How can we show that $(1)=a\gamma+\ln{\Gamma(1+a)}?$

3 Answers3

5

Note that $$ \begin{align} \frac{\mathrm{d}}{\mathrm{d}a}\int_0^\infty\frac{e^{-x}+x-1}{e^{x/a}-1}\frac{\mathrm{d}x}x &=\frac{\mathrm{d}}{\mathrm{d}a}\int_0^\infty\frac{e^{-ax}+ax-1}{e^x-1}\,\frac{\mathrm{d}x}x\\ &=\int_0^\infty\left(1-e^{-ax}\right)\frac{e^{-x}}{1-e^{-x}}\,\mathrm{d}x\\ &=\int_0^\infty\sum_{k=1}^\infty\left(e^{-kx}-e^{-(k+a)x}\right)\,\mathrm{d}x\\ &=\sum_{k=1}^\infty\left(\frac1k-\frac1{k+a}\right) \end{align} $$ Since $$ \left.\int_0^\infty\frac{e^{-ax}+ax-1}{e^x-1}\,\frac{\mathrm{d}x}x\right|_{a=0}=0 $$ and by Gautschi's Inequality $$ \frac{\Gamma(n+a+1)}{\Gamma(n+1)}=n^a\left(1+O\!\left(\frac1n\right)\right) $$ we get $$ \begin{align} \int_0^\infty\frac{e^{-ax}+ax-1}{e^x-1}\,\frac{\mathrm{d}x}x &=\lim_{n\to\infty}\sum_{k=1}^n\left(\frac ak-\log\left(\frac{k+a}k\right)\right)\\ &=\lim_{n\to\infty}\left(aH_n-\log\left(\frac{\Gamma(n+a+1)}{\Gamma(a+1)\Gamma(n+1)}\right)\right)\\ &=\scriptsize\lim_{n\to\infty}\left(a\left(\log(n)+\gamma+O\!\left(\frac1n\right)\right)+\log(\Gamma(a+1))-a\log(n)+O\!\left(\frac1n\right)\right)\\[6pt] &=a\gamma+\log(\Gamma(a+1)) \end{align} $$

robjohn
  • 345,667
1

To evaluate this integral we will make use the following integral representation for the digamma function $\psi (x)$ $$\psi (x) = \int^\infty_0 \left (\frac{e^{-t}}{t} - \frac{e^{-xt}}{1 - e^{-t}} \right ) \, dt, \qquad x > 0. \tag1$$ Note that if we set $x = 1$ in the above integral representation for the digamma function, as $\psi (1) = -\gamma$ where $\gamma$ is the Euler–Mascheroni constant, we obtain the following integral representation for this constant $$\gamma = \int^\infty_0 \left (\frac{1}{e^x - 1} - \frac{1}{x e^x} \right ) \, dx, \tag2$$ and is the second result we intend to make use of.

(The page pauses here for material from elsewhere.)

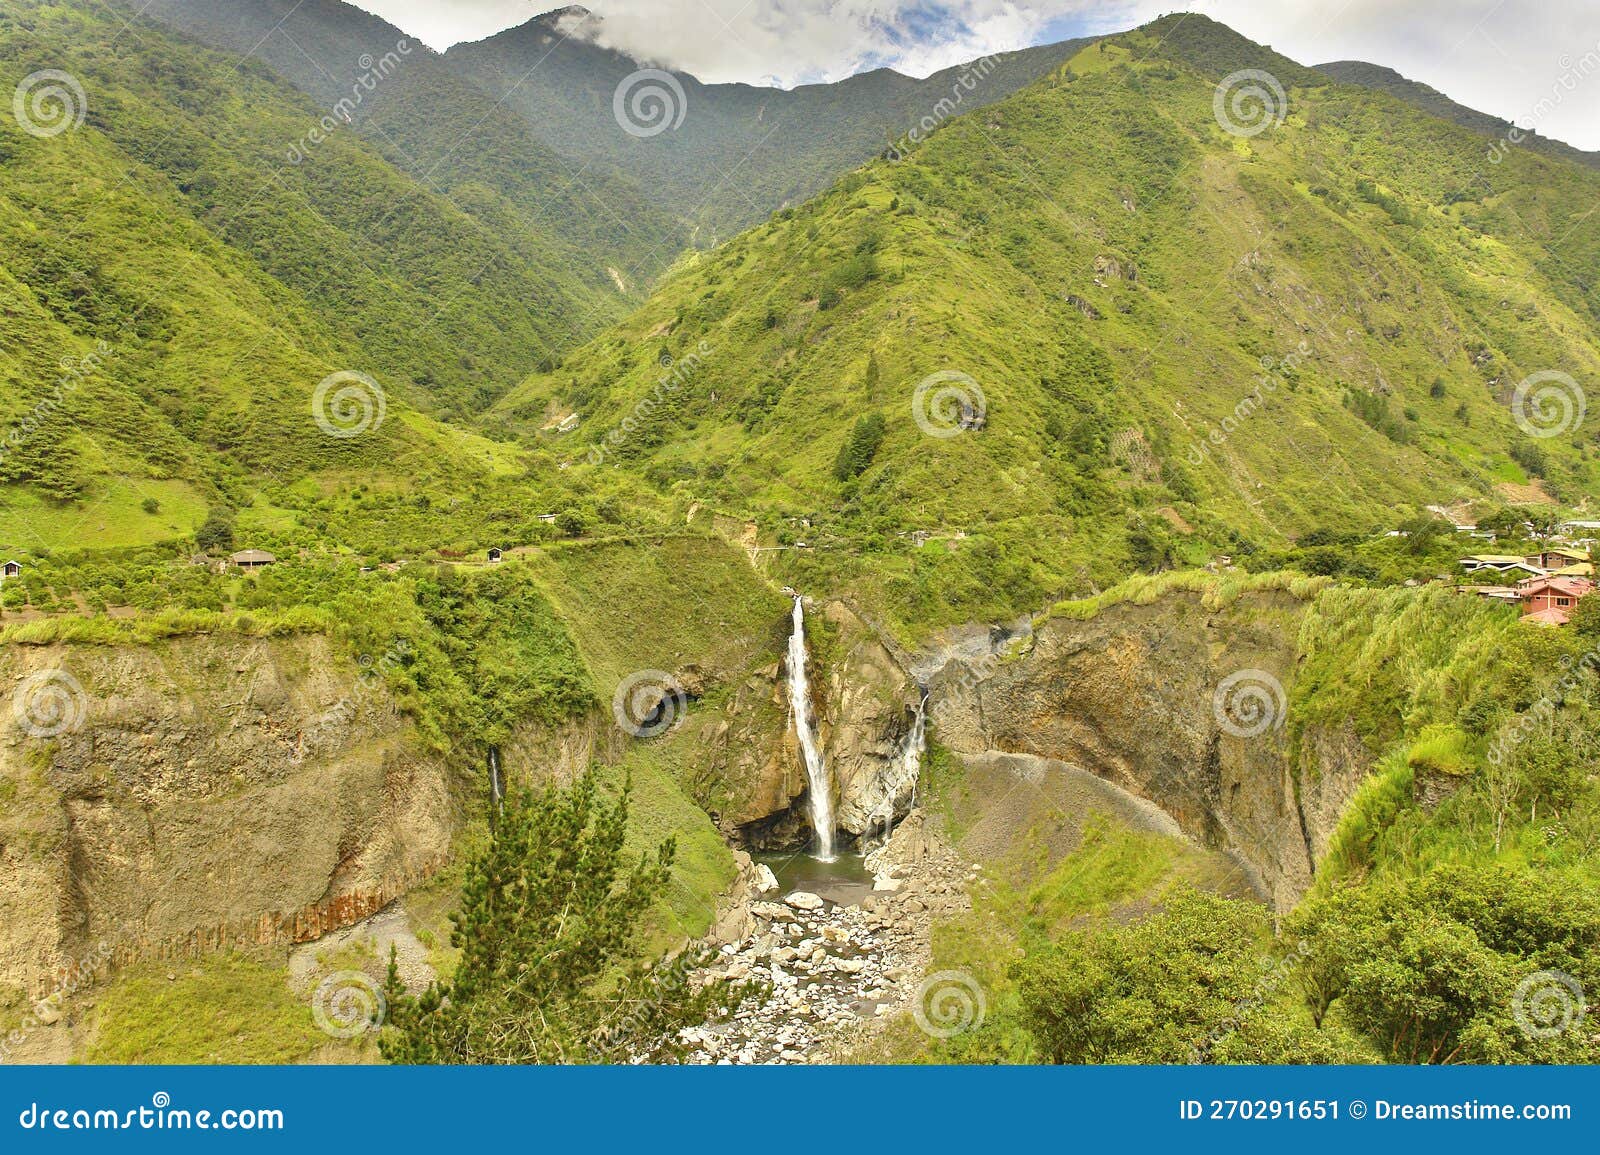 manto de la novia waterfall in ecuador

Now, let $$I = \int^\infty_0 \frac{e^{-x} + x - 1}{x(e^{x/a} - 1)} \, dx.$$ Setting $x \mapsto a x$ the integral becomes $$I = \int^\infty_0 \frac{e^{-ax} + ax - 1}{x(e^x - 1)} \, dx.$$

Rearranging the numerator this can be rewritten \begin{align*} I &= \int^\infty_0 \frac{a e^{-x} + e^{-ax} - a e^{-x} + au + (a - 1) - a}{x(e^x - 1)} \, dx\\ &= a \int^\infty_0 \frac{e^{-x} + x - 1}{x(e^x - 1)} \, dx + \int^\infty_0 \frac{a e^{-ax} - a e^{-x} + a - 1}{x (e^x - 1)} \, dx. \tag3 \end{align*}

From (2), if we note that $$\gamma = \int^\infty_0 \left (\frac{1}{e^x - 1} - \frac{1}{xe^x} \right ) \, dx = \int^\infty_0 \left (\frac{1}{e^x - 1} - \frac{e^{-x}}{x} \right ) \, dx = \int^\infty_0 \frac{x - 1 + e^{-x}}{x(e^x - 1)} \, dx,$$ the first integral appearing in (3) can be written in terms of the Euler-Mascheroni constant giving \begin{align*} I &= a \gamma + \int^\infty_0 \frac{e^{-ax} - a e^{-x} + a - 1}{x (e^x - 1)} \, dx, \end{align*} or \begin{align*} I &= a \gamma + \int^\infty_0 \frac{a (1 - e^{-x}) - (1 - e^{-ax})}{x (e^x - 1)} \, dx = a \gamma + \int^\infty_0 \left \{\frac{a}{x e^x} - \frac{1 - e^{-ax}}{x (e^x - 1)} \right \} \, dx, \tag4 \end{align*} after rearranging the integrand.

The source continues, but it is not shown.